Supposedly now from what I Read my mouse should last a year the battery. But still I don't trust that because I use my computer a lot for stuff.


My point is I need to know how can I see the battery status with this kind of mouse. Is there any other way I can know? I don't want it just surprising me off guard when I am in the middle of something one day and suddenly not work because the battery is low or done etc.

So yeah please someone let me know I'd appreciate if anyone can help with this.

Thank you.


----------



## CompForum332

I don't see any indicator light on this to alert me or anything.

I am at a loss here.... I just wish there is a way. Perhaps someone on here may know a way to know to be able to see battery status or a way to know if I can be alerted if its low. Maybe someone on here knows about this kind of mouse.... 



And just so everyone knows this is the mouse I use
http://www.logitech.com/en-ca/product/wireless-mouse-m317
link to it in case anyone wanted to see. That mouse in that picture is the same exact one I have.

There saying there should be an indicator light yet I don't see one on here...

Anyway sorry for the double post. Hope someone can help me though. Thanks


----------



## C4C

There isn't a little light on it?? 

When my light flashes (green, it's also a higher model) it means that the battery is dying.. Solid green means connecting..

It's got a year long battery life so swap batteries every so often and you'll be fine..

Edit: I see nothing about a light. Just the receiver and battery life.


----------



## The VCR King

If it a unifying mouse? If it is a unifying mouse, you can download Logitech's Setpoint software. It can show you the battery life of your mouse and even lets you program buttons on your mouse/keyboard if you have assignable keys!


----------



## beers

It has a year long battery.  It's not going to randomly shite out on you any time soon.

And yes, they last a really freaking long time even under heavy use.
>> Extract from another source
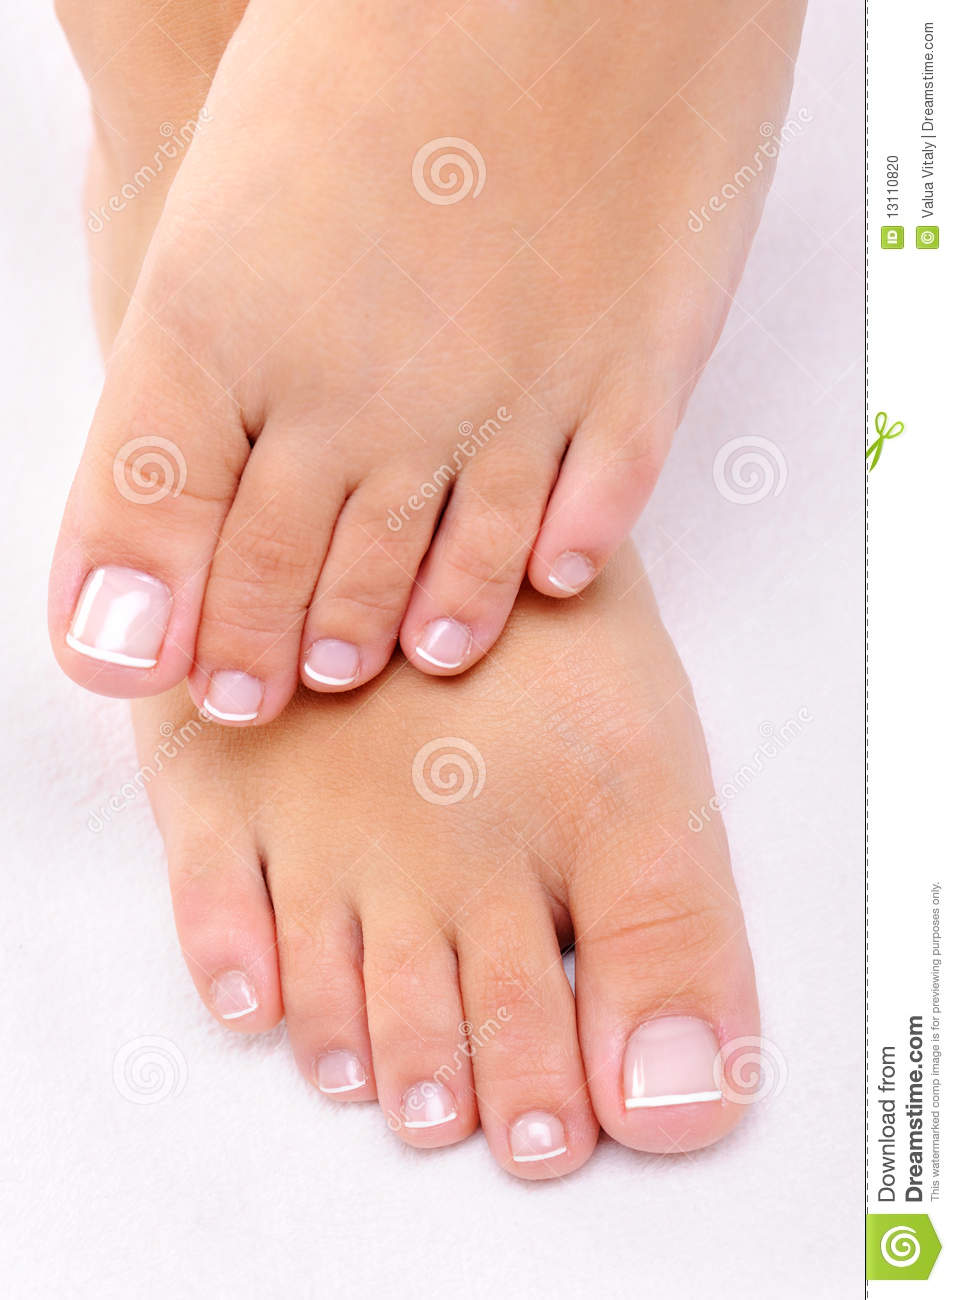 Beautiful Female Feet With The French Pedicure On A White Towel

I had a Logitech LX6 for a while, even from 2006-ish era technology the battery lasted months.

Edit:
If you read the product description it states that there's an indicator light.  You could probably also get a vague battery state when installing the setpoint software.


----------



## The VCR King

My keyboard (K350) and mouse (M510) have a 3 year battery life!


----------



## beers

The VCR King said:


> My keyboard (K350) and mouse (M510) have a 3 year battery life!



What does that have to do with the thread?


----------